SECTION 4.  INSURANCE, RIGHTS NOT EXCLUSIVE.  Subject to the provisions of Article VII of the Declaration of Trust, the rights of indemnification herein provided may be insured against by policies maintained by the Trust on behalf of any agent, shall be severable, shall not be exclusive of or affect any other rights to which any agent may now or hereafter be entitled, and shall inure to the benefit of the heirs, executors and administrators of any agent.    


SECTION 5.  ADVANCE OF EXPENSES.  Subject to the provisions of Article VII of the Declaration of Trust, expenses incurred by an agent in connection with the preparation and presentation of a defense to any proceeding shall be paid by the Trust from time to time prior to final disposition thereof upon receipt of an undertaking by or on behalf of such agent that such amount will be paid over by him or her to the Trust if it is ultimately determined that he or she is not entitled to indemnification under this Article XI or the Declaration of Trust; provided, however, that (a) such agent shall have provided appropriate security for such undertaking, (b) the Trust is insured against losses arising out of any such advance payments, or (c) either a majority of the Trustees who are neither Interested Persons of the Trust nor parties to the proceedings, or independent legal counsel in a written opinion, shall have determined, based upon a review of readily available facts (as opposed to a full trial-type inquiry or full investigation), that there is reason to believe that such agent will be found entitled to indemnification under this Article XI.

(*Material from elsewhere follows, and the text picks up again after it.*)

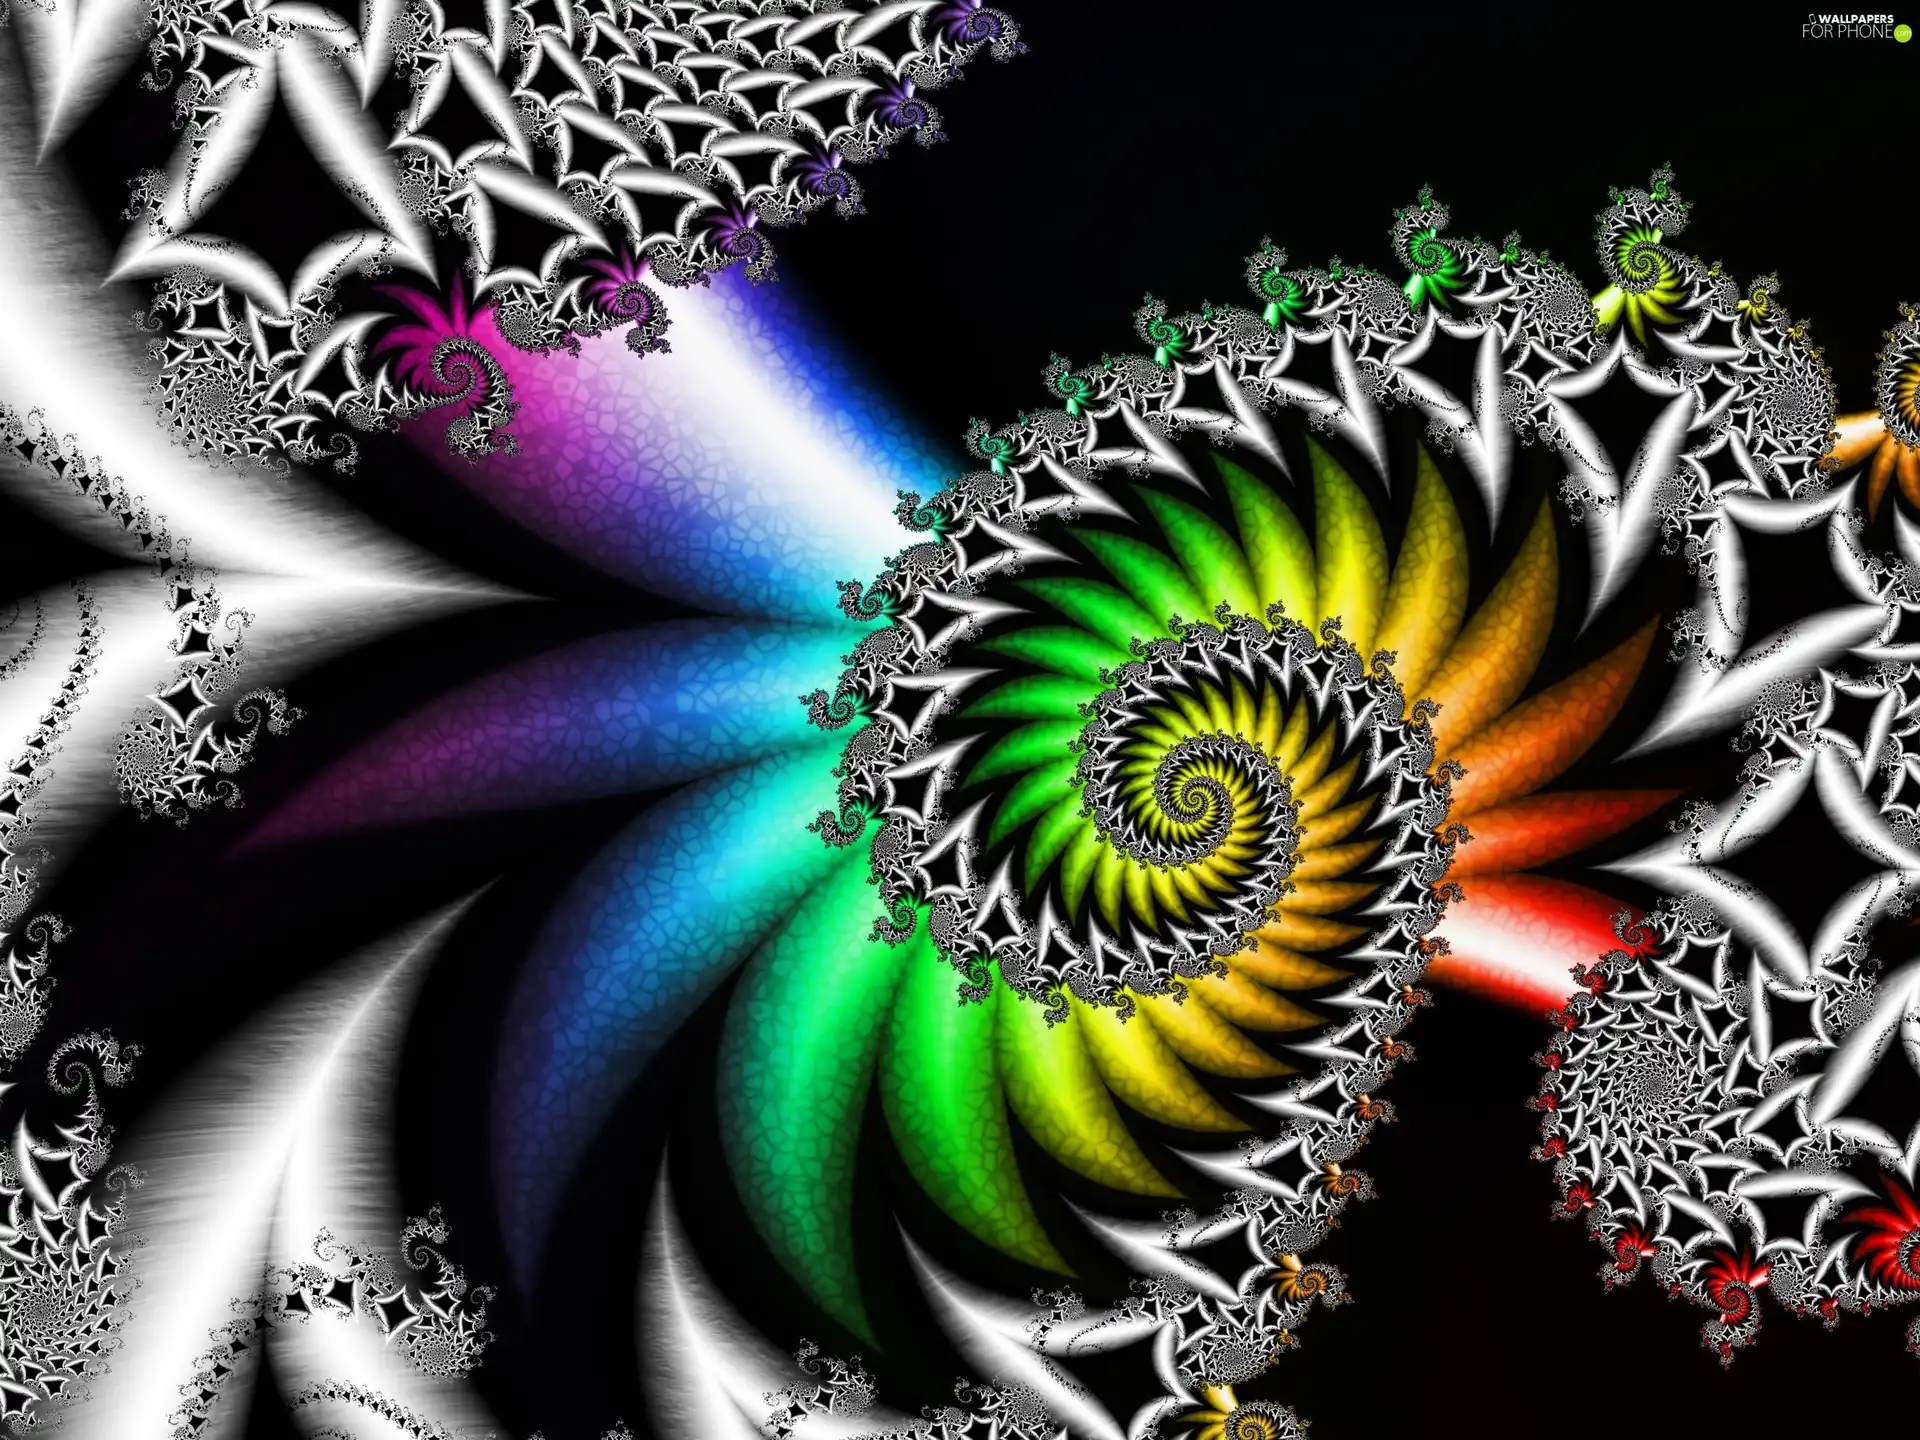 Coloured, Fraktal, graphics, spiral

SECTION 6.  REQUIRED APPROVAL.  Any indemnification under this Article XI shall be made by the Trust if authorized in the specific case on a determination that indemnification of the agent is proper in the circumstances by a majority vote of the Trustees, even though such number of Trustees shall be less than a quorum, who are not parties to the proceeding and have no economic or other interest in connection with such specific case; a committee of such Trustees designated by majority vote of such Trustees even though such number of Trustees shall be less than a quorum; or by independent legal counsel in a written opinion.


SECTION 7.  FIDUCIARIES OF EMPLOYEE BENEFIT PLAN.  This Article XI does not apply to any proceeding against any Trustee, investment manager or other fiduciary of an employee benefit plan in that person's capacity as such, even though that person may also be an agent of the Trust.  Nothing contained in this Article XI shall limit any right to indemnification to which such Trustee, investment manager, or other fiduciary may be entitled by contract or otherwise which shall be enforceable to the extent permitted by applicable law other than this Article XI.    



ARTICLE XII


Amendments


These By-Laws, or any of them, may be altered, amended or repealed, or new By-laws may be adopted by (a) a vote of holders of the majority of the outstanding Shares entitled to vote or (b) by the Trustees; provided, however, that no By-law may be amended, adopted or repealed by the Trustees if such amendment, adoption or repeal is required by applicable law, the Declaration of Trust or these By-Laws to be submitted to a vote of the Shareholders.